FIG. 1 is a sectional view of an alternator showing an embodiment of the present invention,
FIG. 2 is a perspective view showing the rotor of this embodiment, FIG. 3 is a side elevational view showing the stator core of this embodiment, FIG. 4 is a schematic diagram for explaining the stator, and FIG. FIG. 6 is a circuit diagram showing a power supply circuit of a vehicle using the alternator of the present embodiment,
FIG. 7 is a waveform diagram showing an output voltage waveform of the alternator of the present embodiment, and FIG. 8 is a developed plan view for explaining the relationship between a conventional stator and magnetic poles. In the figure, 1 ... alternator (vehicle alternator), 10 ...

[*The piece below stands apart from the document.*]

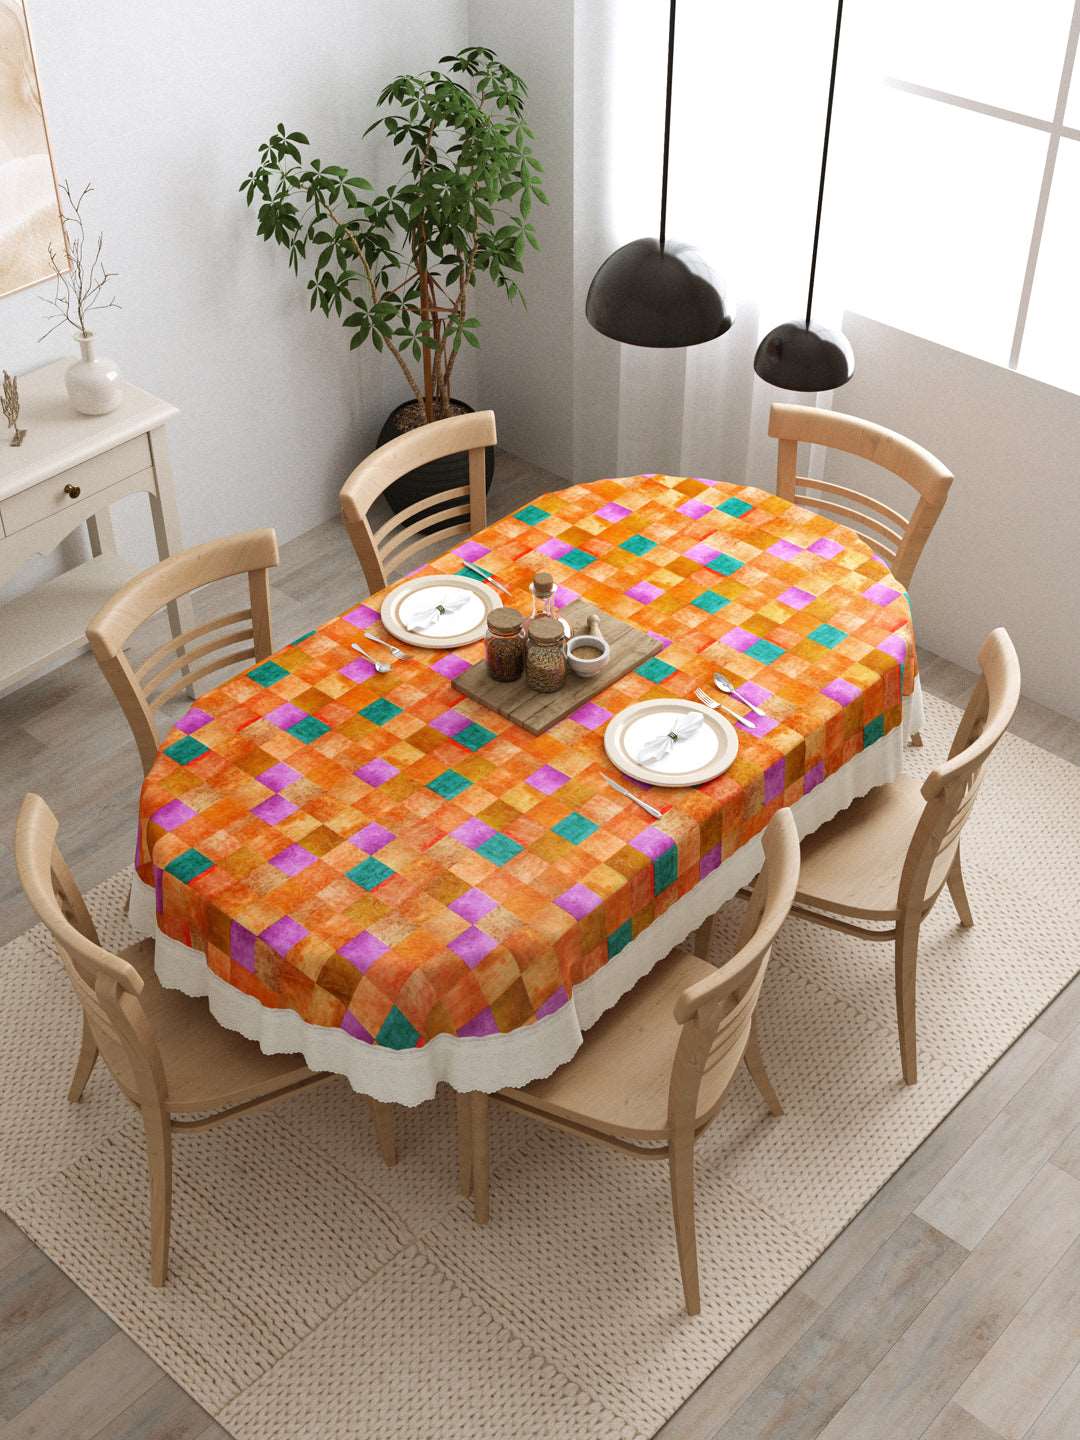 6 Seater Oval Dining Table Cover; 60x90 Inches; Material - PVC; Anti Slip; Checks On Orange

... rotor (rotor), 12a, 13a ... magnetic pole (claw-shaped magnetic pole), 14 ... rotor coil, 20 ... stator (stator), 21, 23, 25 ... slot (multiple grooves), 22 ,twenty four,
26 ... slots (a plurality of grooves), 21a to 26a ... toothed iron cores, 31 to 33 ... main coils (polyphase stator windings).

Claims (6)

(57) [Claims] A plurality of grooves for accommodating a multi-phase stator winding;
A stator formed with a plurality of toothed cores located between the grooves, a rotor formed with a plurality of magnetic poles opposed to the plurality of toothed cores of the stator, and driven to rotate; and the rotor A field winding for supplying a field to the rotor, wherein the magnetic pole of the rotor is such that the single toothed iron core of the stator is adjacent to the rotor in the rotational direction of the rotor. The plurality of toothed cores are arranged so as to be located over the two tapered magnetic poles, and the number of the plurality of toothed cores is 2 per phase per pole with respect to the number of phases of the stator winding and the number of poles of the magnetic pole. Wherein the stator windings include a polyphase first coil group, and a polyphase second coil group arranged at staggered electrical angles so that the output of each phase coil of the first coil group does not overlap. An alternator for a vehicle, comprising: 2. The method according to claim 1, wherein the first coil group and the second coil group have three phases, and the respective phase coils of both coil groups are wound around the stator core while being shifted from each other by π / 6. The alternator for a vehicle according to claim 1, wherein: 3. A plurality of grooves in the axial direction are formed in the inner periphery of the cylinder. A plurality of grooves are provided with a plurality of stator windings, and a plurality of toothed cores are formed between the plurality of grooves. And a rotor having a field winding, rotatably disposed inside the stator, and having a plurality of magnetic poles provided on an outer periphery thereof opposed to the plurality of tooth-shaped cores. In the vehicle alternator, the magnetic poles of the rotor are arranged such that a single toothed core of the stator is positioned over two tapered magnetic poles adjacent to each other in a rotation direction of the rotor. The number of the plurality of toothed iron cores is set to 2 per phase per pole with respect to the number of phases of the stator winding and the number of poles of the magnetic pole. First coil group and three-phase second coil group
A coil group, and each phase coil of the second coil group is wound around the stator core at an electrical angle of π / 6 radian with respect to each phase coil of the first coil group. Vehicle alternator. 4. The automotive alternator according to claim 1, wherein said first coil group and said second coil group are star-connected. 5. The alternator for a vehicle according to claim 4, wherein the neutral points obtained by the star-shaped connection between the first coil group and the second coil group are not connected to each other. 6. A rectifier comprising: a first rectifier for rectifying a polyphase AC output from the first coil group; and a second rectifier for rectifying a polyphase AC output from the second coil group. The alternator for a vehicle according to any one of claims 1 to 5, wherein the outputs are connected in parallel.